On June 18, 2002, Mr. Lemann sent a letter to the Appeals
officer acknowledging and rejecting the proposed installment
agreement. The letter read: "I simply cannot afford the payments
you propose." The letter offered no further collection
alternatives to the levy.
On July 16, 2002, a Notice of Determination was issued to
petitioners which determined that the proposed levy was
appropriate. The determination concluded: (1) That all
requirements of applicable law and administrative procedures had
been met; (2) that petitioners' proposed collection alternative
of monthly installment payments of $1,500 was not acceptable
because it would not result in full payment of the outstanding
tax liabilities within the applicable periods of limitation on
collection; (3) that petitioners' $67,000 offer-in-compromise
based on doubt as to collectibility was unacceptable given that
their net equity in assets and future income were sufficient to
pay their outstanding tax liabilities in full;8 and (4) that, in
light of petitioners' refusal to accept the installment agreement
8
The Appeals officer's case memorandum indicates that he,
like the offer specialist, reached his conclusions regarding
petitioners' ability to pay without relying on petitioners'
interests in any family corporations or in the B. Lemann
Building.
- 11 -
proposed by the Appeals officer that would have resulted in full
payment of their outstanding liabilities, the levy was an
appropriate balance between the need for efficient collection of
taxes and petitioners' legitimate concern that the collection
action be no more intrusive than necessary.
Petitioners timely sought review in this Court pursuant to
section 6330(d).
Discussion
Summary judgment is intended to expedite litigation and
avoid unnecessary and expensive trials. Fla. Peach Corp. v.
Commissioner, 90 T.C. 678, 681 (1988). Summary judgment may be
granted with respect to all or any part of the legal issues in
controversy "if the pleadings, answers to interrogatories,
depositions, admissions, and any other acceptable materials,
together with the affidavits, if any, show that there is no
genuine issue as to any material fact and that a decision may be
rendered as a matter of law." Rule 121(a) and (b); Sundstrand
Corp. v. Commissioner, 98 T.C. 518, 520 (1992), affd. 17 F.3d 965
(7th Cir. 1994). The moving party bears the burden of proving
that no genuine issue of material fact exists, and factual
inferences are drawn in a manner most favorable to the party
opposing summary judgment. Dahlstrom v. Commissioner, 85 T.C.

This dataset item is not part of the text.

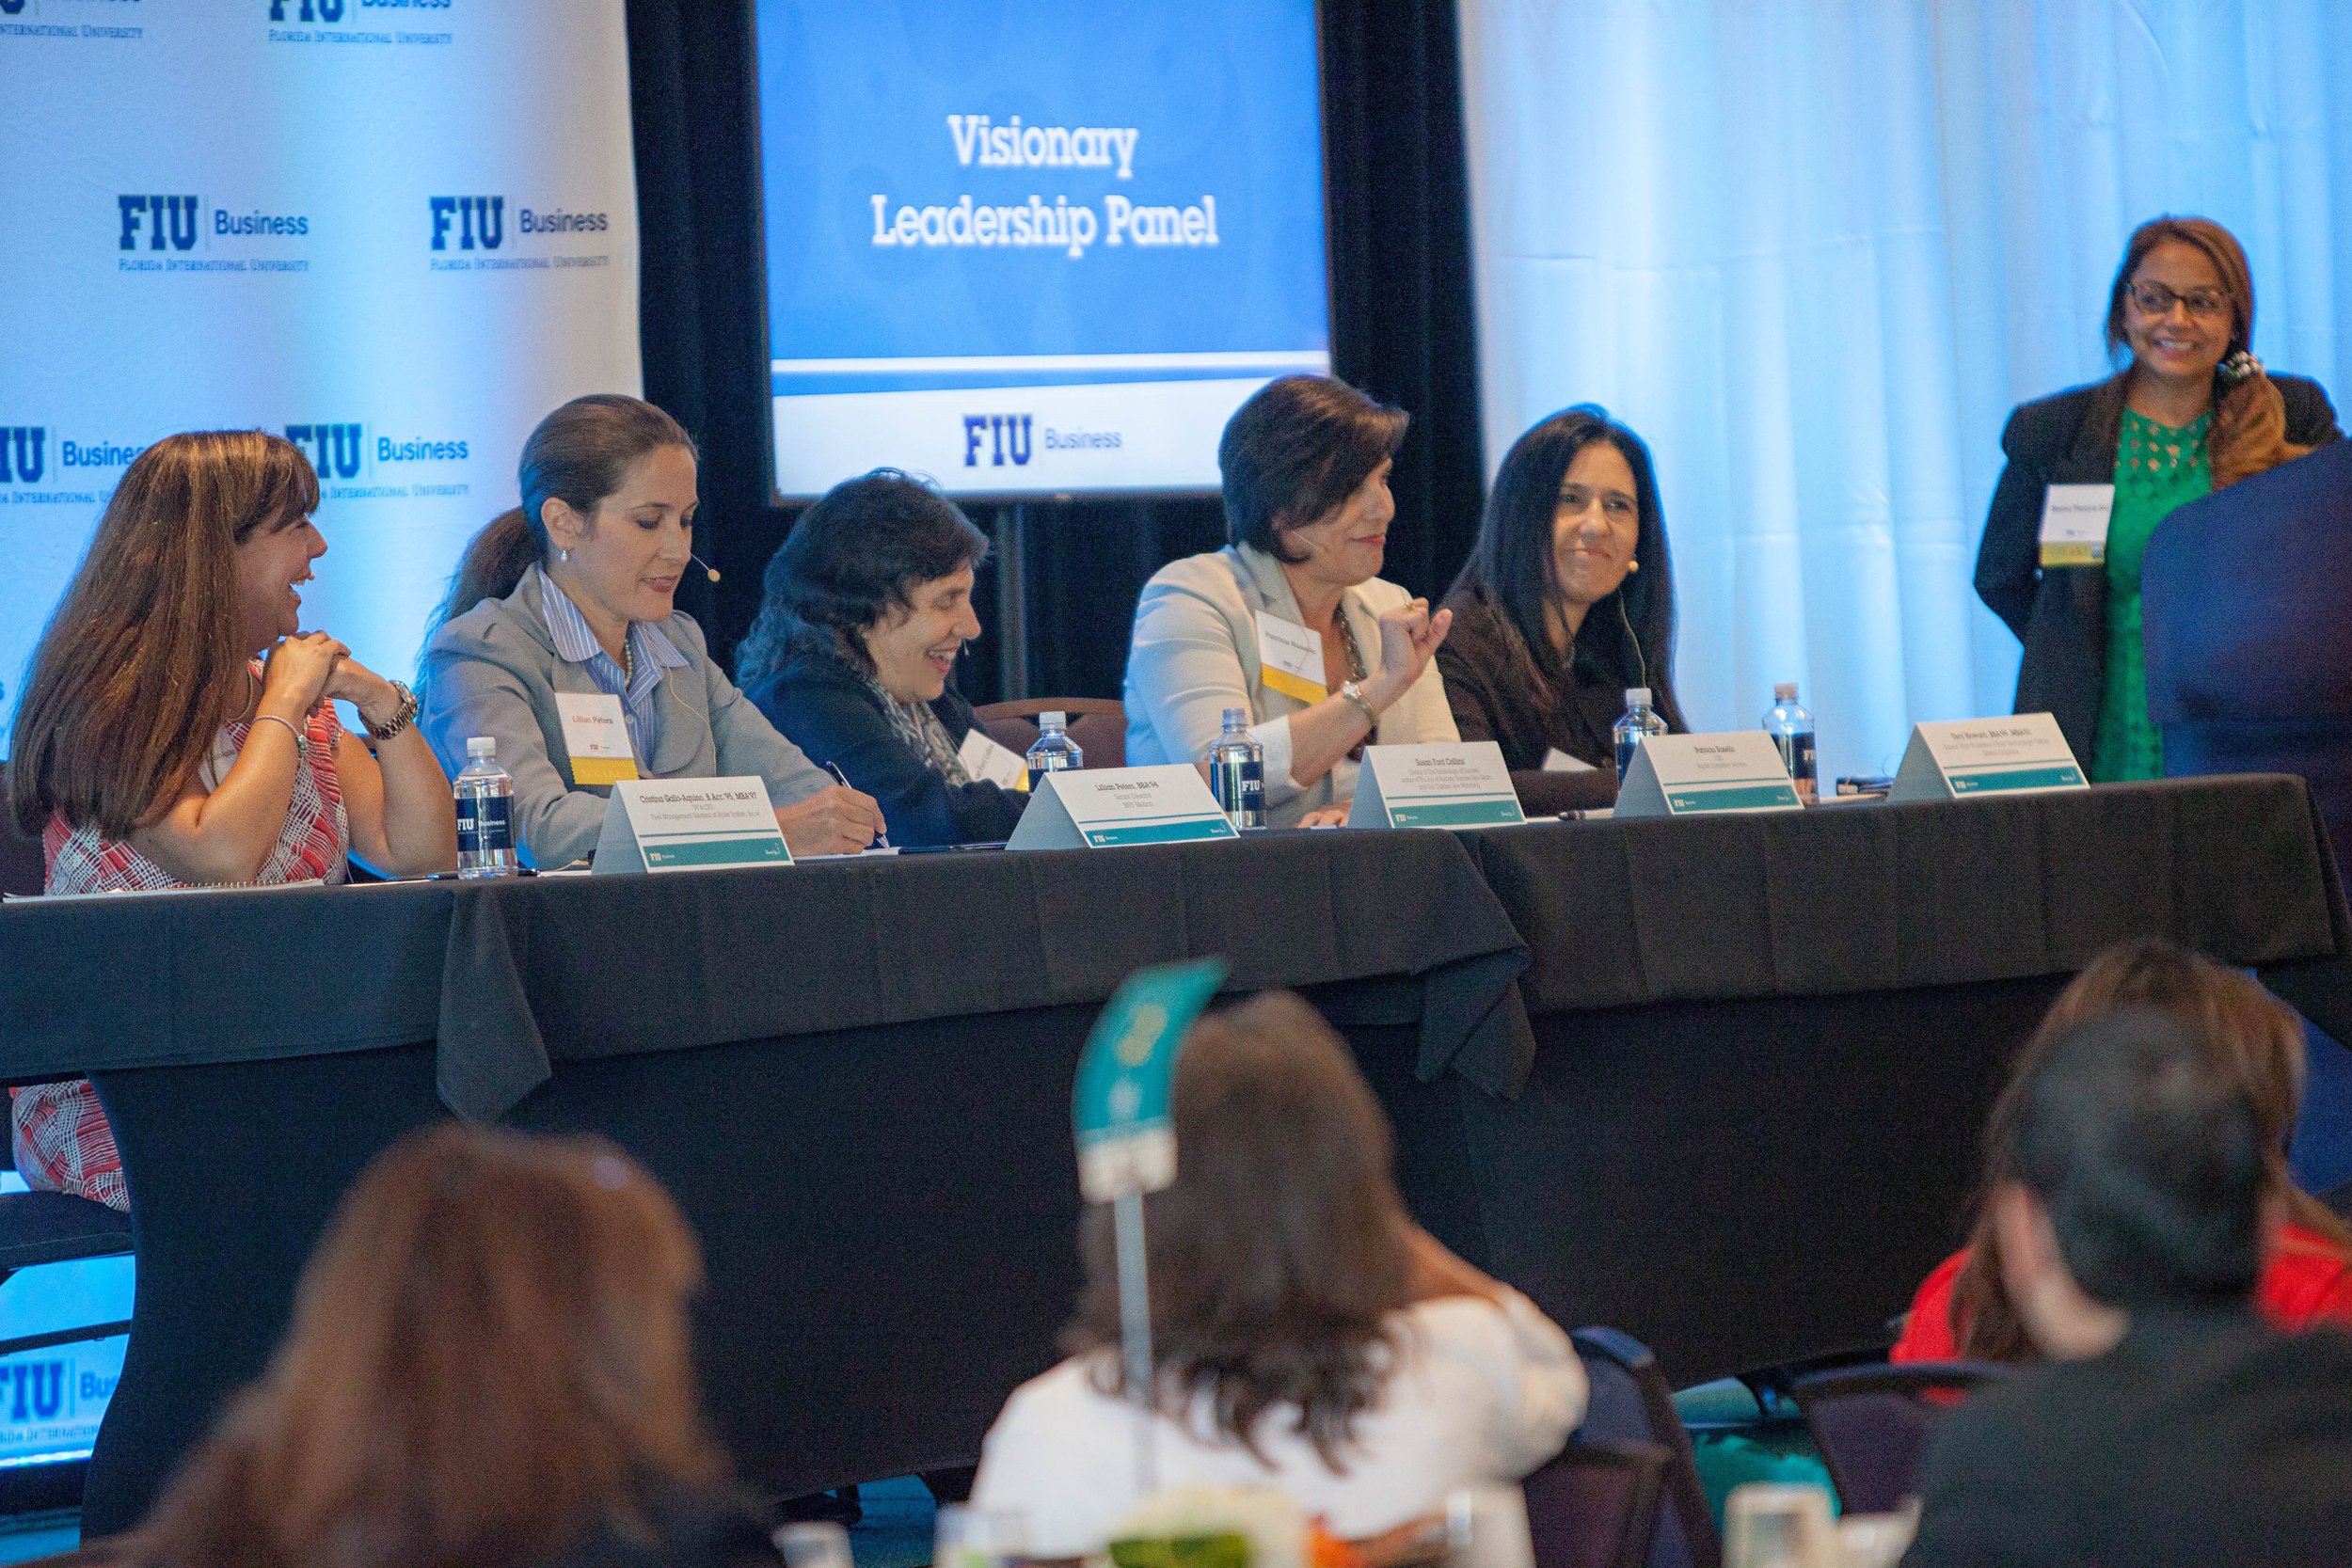 Copy of Copy of Visionary Leadership Panel FIU PowerUp Leadership Conference 2016

812, 821 (1985); Jacklin v. Commissioner, 79 T.C. 340, 344
(1982).
- 12 -
Section 6331(a) authorizes the Secretary to levy against
property and property rights where a taxpayer liable for taxes
fails to pay those taxes within 10 days after notice and demand
for payment is made. Section 6331(d) requires the Secretary to
send written notice of an intent to levy to the taxpayer, and
section 6330(a) requires the Secretary to send a written notice
to the taxpayer of his right to a section 6330 hearing at least
30 days before any levy is begun.
If a section 6330 hearing is requested, the hearing is to be
conducted by the Commissioner's Office of Appeals and, at the
hearing, the Appeals officer conducting it must verify that the
requirements of any applicable law or administrative procedure
have been met. Sec. 6330(b)(1), (c)(1). The taxpayer may raise
at the hearing any relevant issue relating to the unpaid tax or
the proposed levy, including challenges to the appropriateness of
collection actions or offers of collection alternatives, such as
an installment agreement or an offer-in-compromise. Sec.

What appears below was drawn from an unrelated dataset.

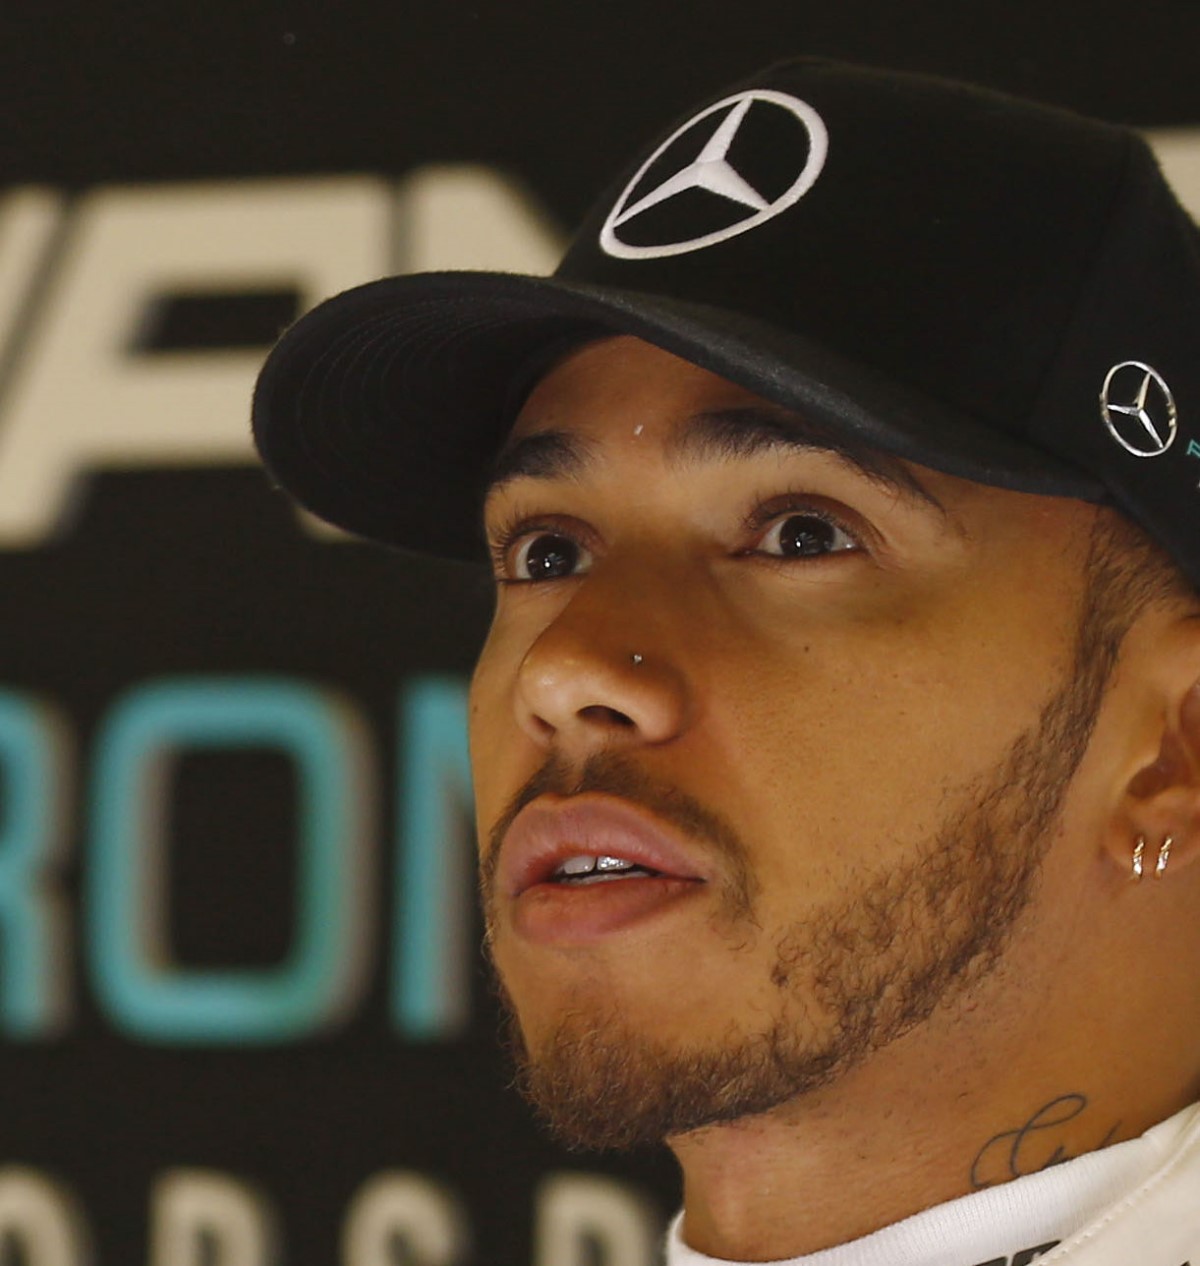 Hamilton won't quit F1. When you drive an Aldo Costa car you win a lot and F1 is fun

6330(c)(2)(A). The taxpayer may contest the existence or amount
of the underlying tax liability at the hearing if the taxpayer
did not receive a statutory notice of deficiency with respect to
the underlying tax liability or did not otherwise have an
opportunity to dispute that liability. Sec. 6330(c)(2)(B). At
the conclusion of the hearing, the Appeals officer must determine
whether and how to proceed with collection, taking into account,
- 13 -
among other things, collection alternatives proposed by the
taxpayer and whether any proposed collection action balances the
need for the efficient collection of taxes with the legitimate
concern of the taxpayer that the collection action be no more
intrusive than necessary. See sec. 6330(c)(3).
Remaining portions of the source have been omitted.